After living in the Pakistani cities of Karachi and Peshawar for four years, Mastura and Bobur moved to Iran this spring.
Alisher Saipov, an independent journalist from the Kyrgyz city of Osh, recently visited Iran and met with Uzbeks there. He told RFE/RL that there are some 90 Uzbeks from Uzbekistan, Kyrgyzstan, and Tajikistan living in the southeastern Iranian city of Zahedan, and several more in Mashhad and Tehran.
"They are very poor and desperate, their economic conditions are hard," Saipov said. "Their houses are old and falling apart. Some of them have to beg for a living. Those with some skills and experience work as house painters, carpenters, or do other kind of work. Every man has three or four children. The women are housewives. The children don't go to school."
Hotam is a 34-year-old native of Andijon, the site of a bloody government crackdown in mid-May. He has lived in Zahedan for four years. Hotam says he was persecuted in Andijon for his religious activity. A devout Muslim, he attended mosque and also conducted business in connection with the mosque. In 1997, he left Uzbekistan for Tajikistan. Two years later, he said, he was forced to move on to Afghanistan.
"They forcibly transferred all of us, the old and the young, women and men [from Tajikistan to Afghanistan], and kept us in a special camp," Hotam said. "They didn't let us go outside. We were not allowed to talk to anyone. The camp had a barbed-wire fence and was guarded by armed Taliban warriors."
Hotam also denies having had any involvement in military operations. He escaped the U.S.-led bombing campaign and fled to Pakistan, and then Iran.

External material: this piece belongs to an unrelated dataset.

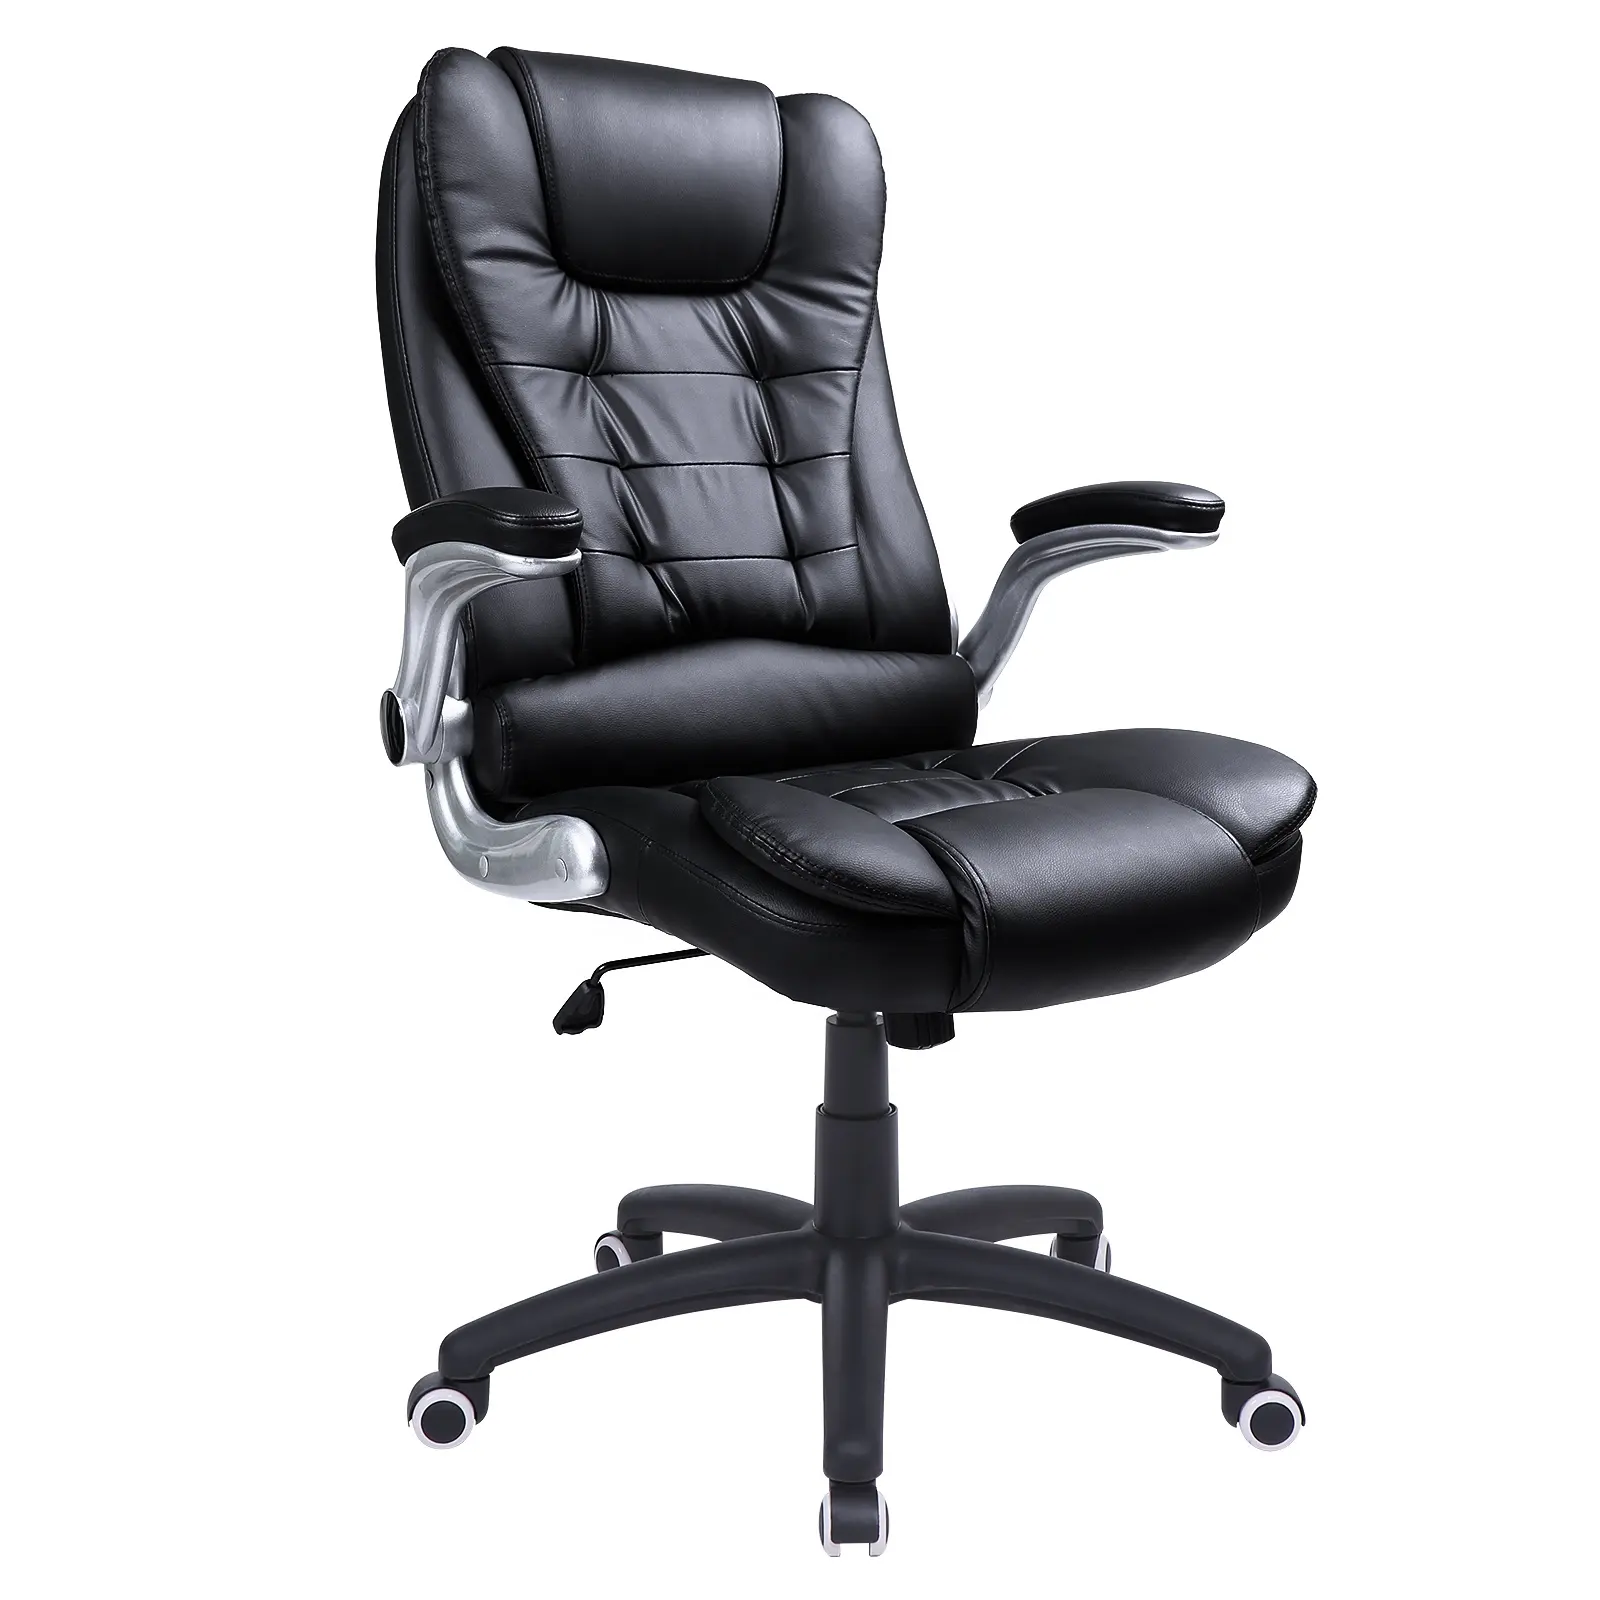 Silla ejecutiva ergonómica ajustable de cuero PU, sillón de oficina de alta calidad, de lujo, color negro, venta al por mayor

Iran's Uzbek refugees traveled to Tehran, where yesterday they staged protests outside the Dutch, Italian, and German embassies. Protesters said they decided to seek asylum in the West after the Andijon violence in May led to hundreds of deaths and was strongly condemned by Western governments. Hundreds of Uzbeks were granted asylum in the West after fleeing Andijon and entering Kyrgyzstan.
"We've been here in Iran for 3 1/2 years," one male protester said. "The reason we haven't contacted the Iranian government is that the world didn't know about the nature of the regime in Uzbekistan and [Uzbek President Islam] Karimov until recently. But after 13 May [and the violence in Andijon], it became clear who Karimov is. Then, we decided to go to the UNHCR [United Nations High Commissioner for Refugees]. But our case hasn't been solved yet, so we came to the Dutch Embassy."
The protesters said it was mainly for the sake of their children that they sought political asylum in the West. With no official status, Mastura's children are unable to attend school or have medical insurance.
"My children have the hardest life," she said. "I teach them what I know myself. But they can't receive a proper education. We don't have documents, so we can't send our kids to school. My eldest son is 13. My daughter is 9. It is a school age, but they have never been to school."
UNHCR spokesman Rupert Colville told RFE/RL from Geneva that the refugee agency's office in Zahedan has begun to consider the Uzbeks' case.